Condition 1 says that there exists a mapping from nodes in Gs to a subset of nodes in G, such that corresponding nodes agree on their labels. Condition 2 says that each edge in Gs should also have a counterpart in G that shares the same label. Figure 4 shows two example subgraphs of the sentence graph in figure 3.

Figure 4

Example subgraphs for the sentence graph in figure 3.

We say that a subgraph occurs once in a corpus every time it is subisomorphic to a graph in that corpus. The frequency of a subgraph is the total number of its occurrences within the corpus. Frequent subgraph mining tries to identify those subgraphs whose frequencies are above a given threshold. Various graph encodings, enumeration strategies, and search pruning policies have been proposed to improve the efficiency of the mining algorithms.44 ,45 In this work, we used the open-source frequent subgraph miner, Gaston,46 which has state-of-the-art speed.

Pruning redundant subgraphs

We ran Gaston on our training dataset with 17 186 sentences, with a frequency threshold of 5, and obtained 180 863 frequent subgraphs. Analyzing these subgraphs, we found that many smaller subgraphs are subisomorphic to other larger frequent subgraphs. Many of these larger subgraphs have the same frequencies as their subisomorphic smaller subgraphs. This arises when a larger subgraph is frequent; all of its subgraphs also become frequent. Furthermore, if the smaller subgraph is so unique that it is not subisomorphic to any other larger subgraph, then this pair of larger and smaller subgraphs shares identical frequency. Therefore, we only kept the larger subgraphs in such pairs. Note that it is cost prohibitive to perform a full pairwise check because the subisomorphism comparison between two subgraphs is already nondeterministic polynomial time (NP)-complete,46 and a pairwise approach would ask for around 16 billion such comparisons for our dataset. We developed an efficient algorithm using hierarchical hash partitioning that reduces the number of subgraph pairs to compare by several orders of magnitude. The key idea is that we only need to compare subgraphs that differ in size by one, and we can further partition the subgraphs so that only those within the same partition need be compared.
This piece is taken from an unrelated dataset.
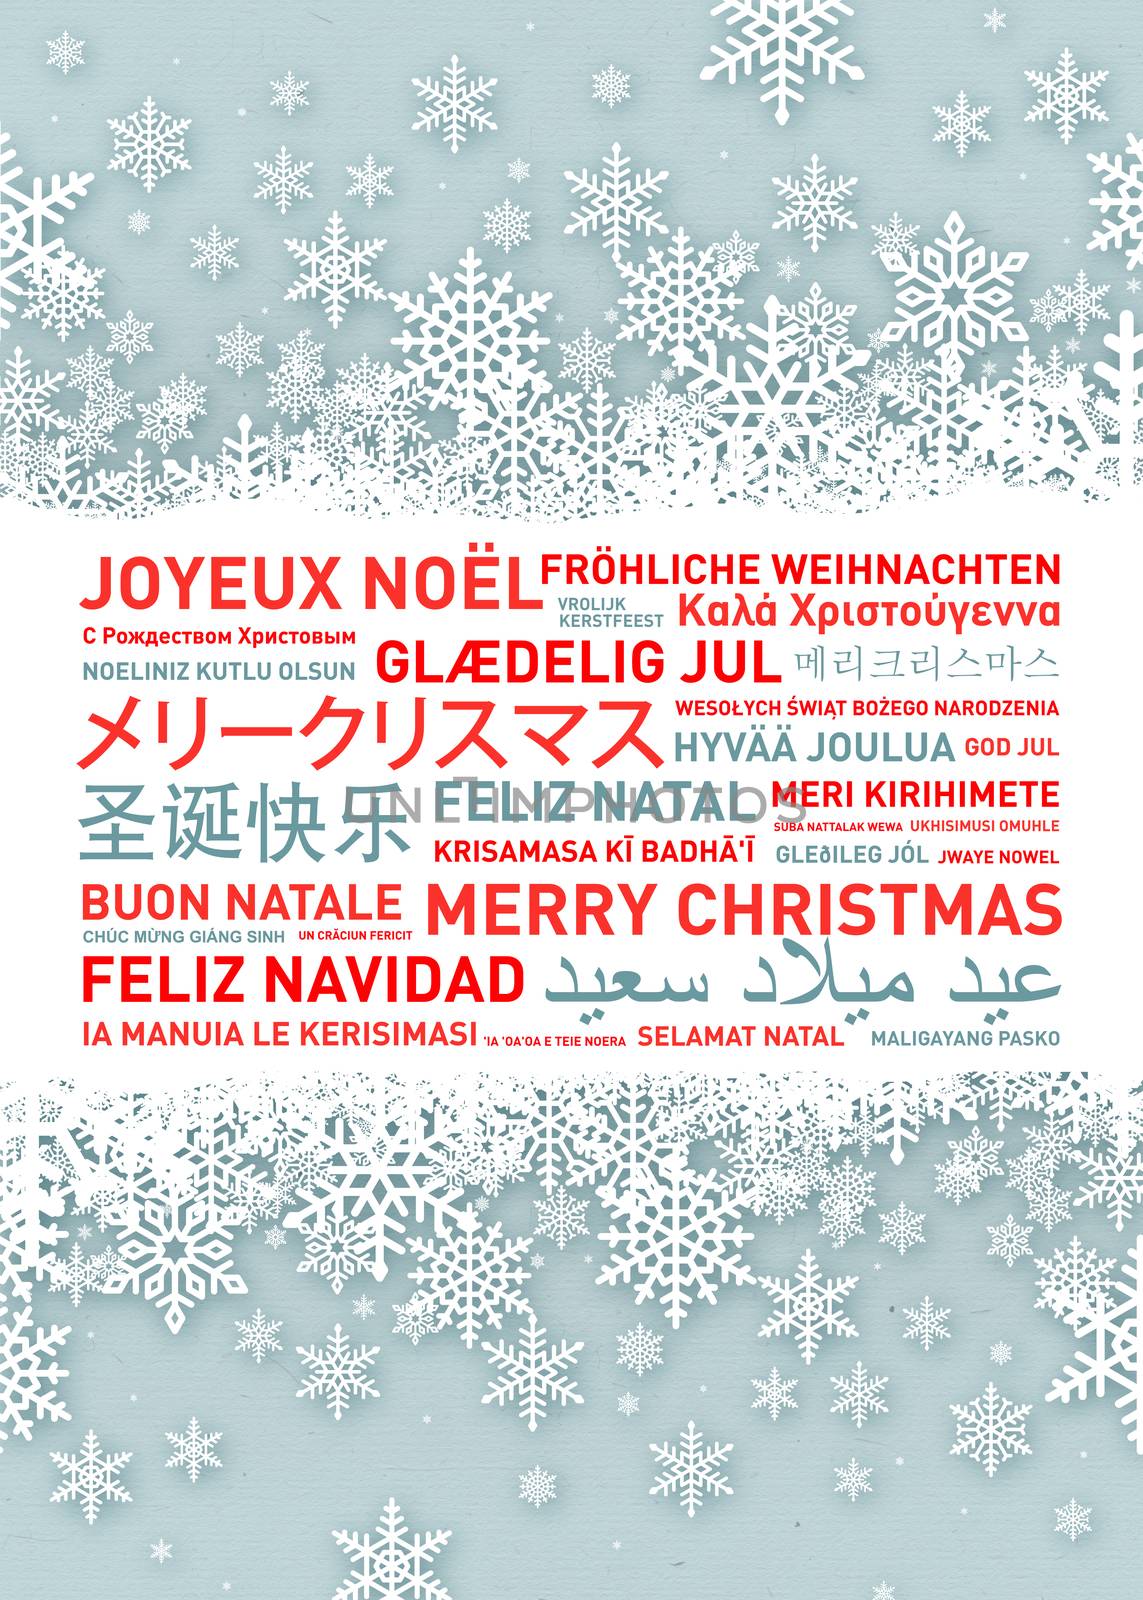 Merry christmas from the world. Different languages celebration

We refer the reader to the online supplement for technical details of this algorithm. After pruning redundant subgraphs, we are left with 9935 subgraphs.
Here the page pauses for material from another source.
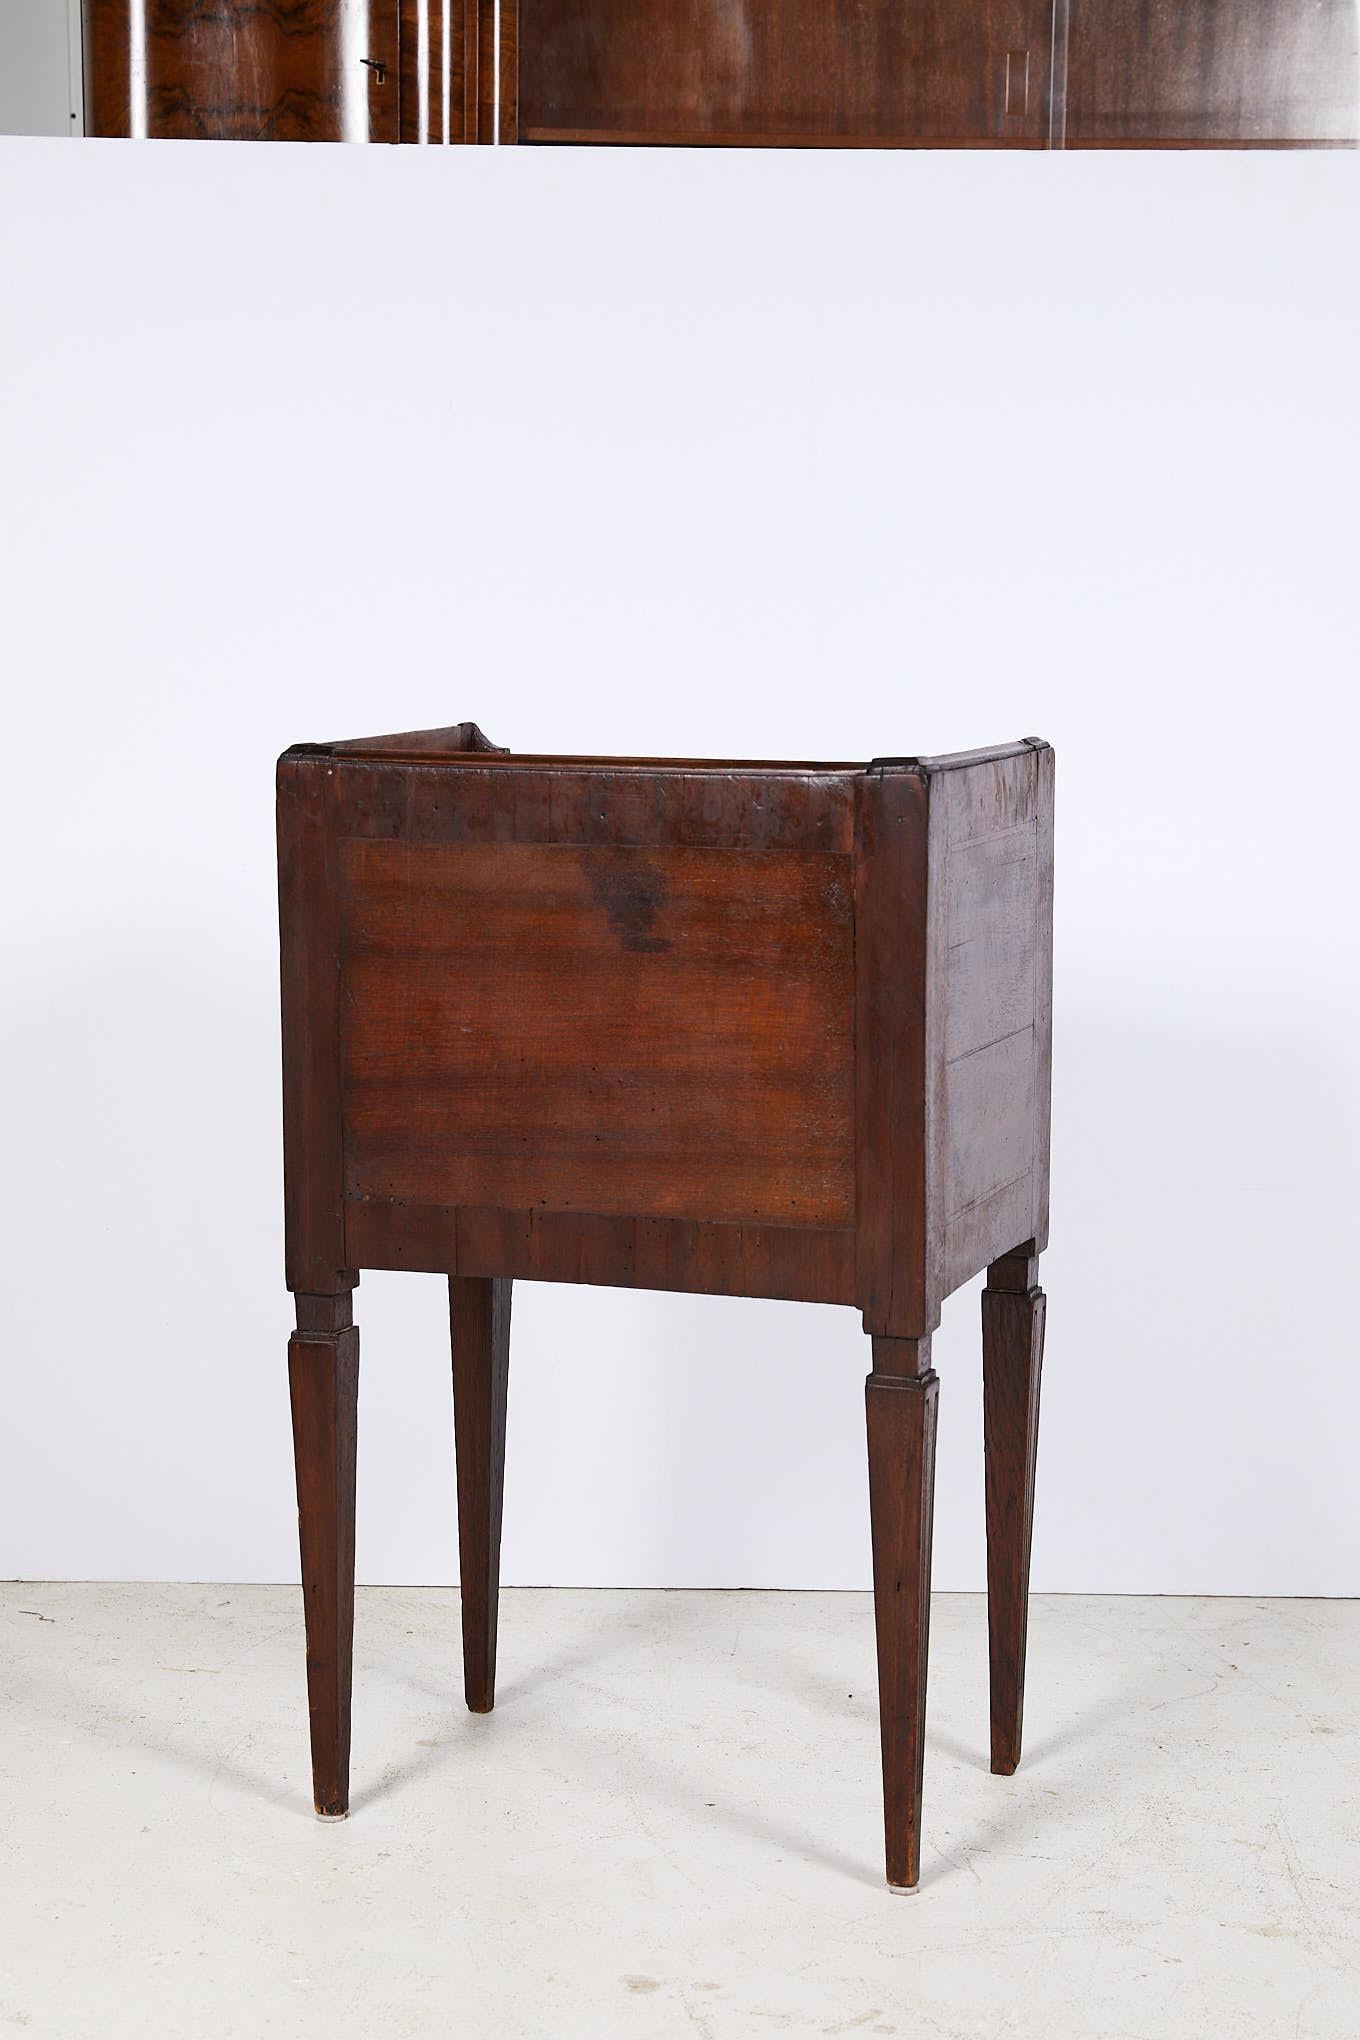 Italian 19th Century Inlaid Tambour Front Side Table

Single-node frequent subgraph collection

Gaston only collects frequent subgraphs with two or more nodes. Because our token subsequence grouping may group all tokens within a short sentence into one node if they are covered by one CUI, such nodes would be ignored by Gaston. We do not want to exclude the possibility that sometimes the presence of a meaningful medical concept in the text can be informative. We thus also collected single-node subgraphs using the same frequency threshold 5 as for multinode frequent subgraphs, adding 1602 single-node subgraphs (11 537total).

Experiments and results

For each patient case, we used the written diagnosis (in the final diagnoses section of the pathology reports) as the ground truth label. A patient may have multiple lymphomas at the same time, or the diagnosis may be an intermediate case between multiple lymphomas. Given the relatively small numbers of multiple-hit/intermediate cases as shown in table 1, we modeled the classification task as multiple binary classification problems, one for each lymphoma. For the ground truth, the positive cases for one lymphoma type also include the multiple-hit/intermediate cases involving this type. The negative cases of one lymphoma type include positive cases of the other three types, except for multiple-hit/intermediate cases involving this type. Our task resembles the differential diagnosis of four lymphomas, assuming that every patient in the selected population has at least one lymphoma. By splitting the dataset randomly into halves, stratified by type of lymphoma, we obtained a training set and a testing set, whose statistics are in table 2.

View this table:
Table 1

Multiple-hit or intermediate lymphoma cases

TypeNo of casesPercentage*
Intermediate between Burkitt and DLBCL181.7
Intermediate between Burkitt and follicular20.2
Double-hit of DLBCL and follicular424.0
Intermediate between DLBCL and Hodgkin70.7

*Out of a total of 1038 cases.

DLBCL, diffuse large B-cell lymphoma.

    View this table:
    Table 2

    Distribution of lymphoma cases in full corpus, training corpus, and testing corpus

    Full corpusTraining corpusTesting corpus
    LymphomaNPP %NPP %NPP %
    Burkitt946939.0500559.9446387.9
    DLBCL38365663.221034562.217331164.4
    Follicular81122822.042513023.43869820.3
    Hodgkin90813112.64866912.44226212.8

    Note that in the full corpus, the number of positive cases does not add up to 1038 (the total number of patients); this is because there are patients with diagnoses for multiple/intermediate lymphomas.

    DLBCL, diffuse large B-cell lymphoma; N, number of the negative patients; P, number of positive patients; P %, percentage of the positive patients.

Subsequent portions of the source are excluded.